The Caribbean guilder () is a proposed new currency of Curaçao and Sint Maarten, the Caribbean islands which became "landen" (constituent countries) within the Kingdom of the Netherlands, following the dissolution of the Netherlands Antilles on 10 October 2010. The Caribbean guilder would replace the Antillean guilder at par and be pegged to the U.S. dollar. In November 2020, it was announced that the Caribbean guilder would come into circulation the following year, but it was delayed several times.

In 2018 the finance minister of Sint Maarten stated that there were only two years of reserve Antillean Guilder banknotes remaining and that the islands would need to make a decision soon.
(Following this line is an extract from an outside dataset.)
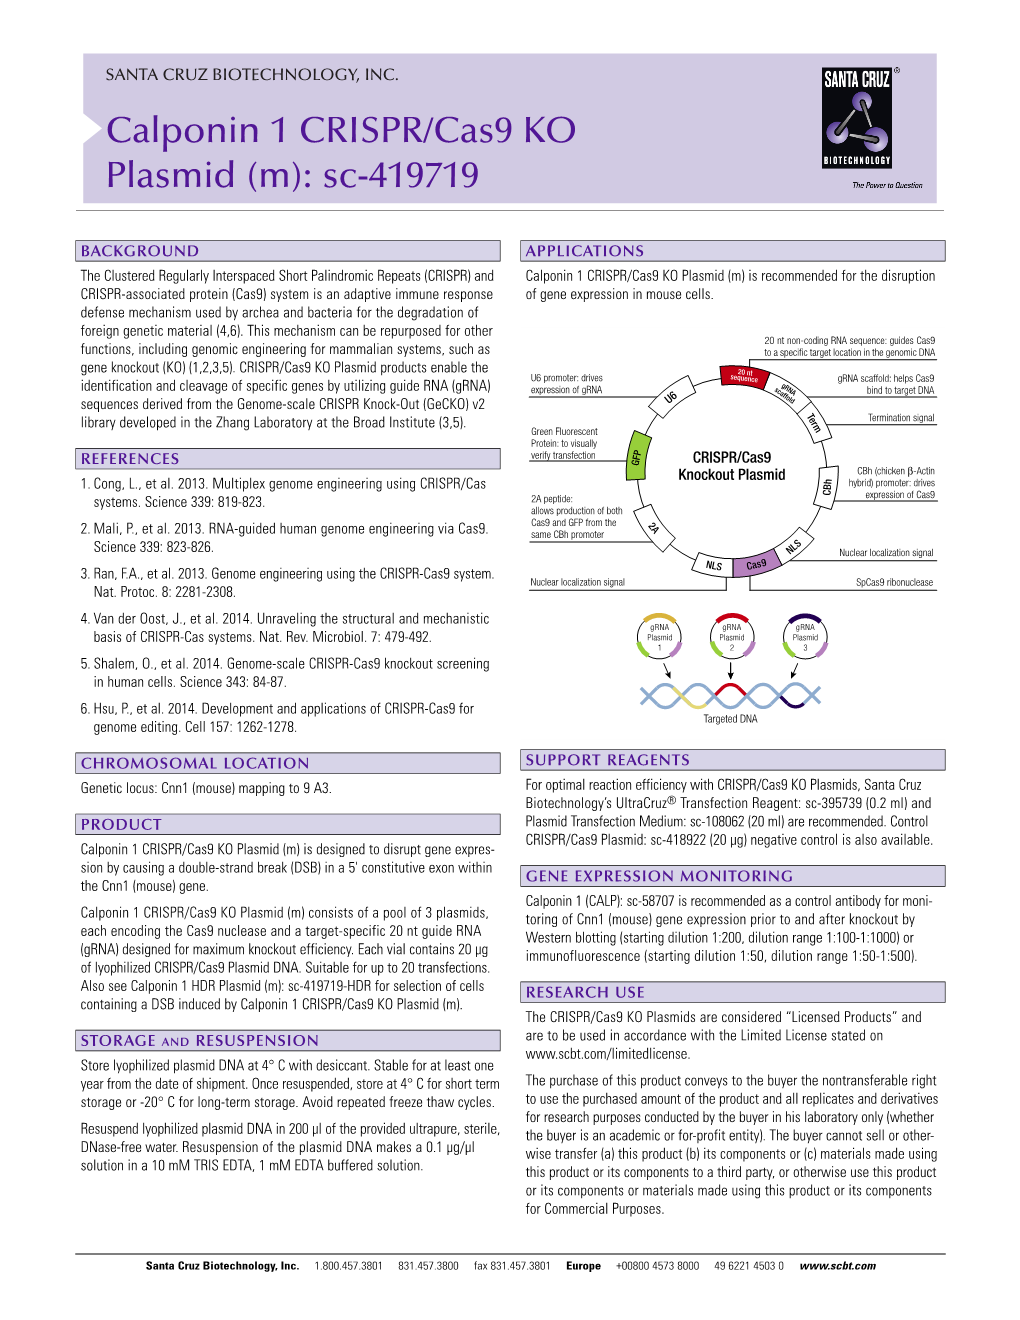 Calponin 1 CRISPR/Cas9 KO Plasmid (M): Sc-419719

The islands also considered adopting the U.S. dollar or Euro.

Negotiations
The Netherlands Antillean guilder continued to circulate after the dissolution of the Netherlands Antilles and plans to implement the Caribbean guilder were not finalized until both countries would agree to have a common currency The new currency will be abbreviated CMg (for Curaçao, Sint Maarten guilder) and will be pegged to the United States dollar at the same exchange rate as the Netherlands Antillean guilder (US$1 = 1.79 NAg = 1.79 CMg). As the BES islands (Bonaire, Sint Eustatius and Saba) adopted the U.S. dollar directly on 1 January 2011, the introduction of the CMg would mean the end of the circulation of the Netherlands Antillean guilder.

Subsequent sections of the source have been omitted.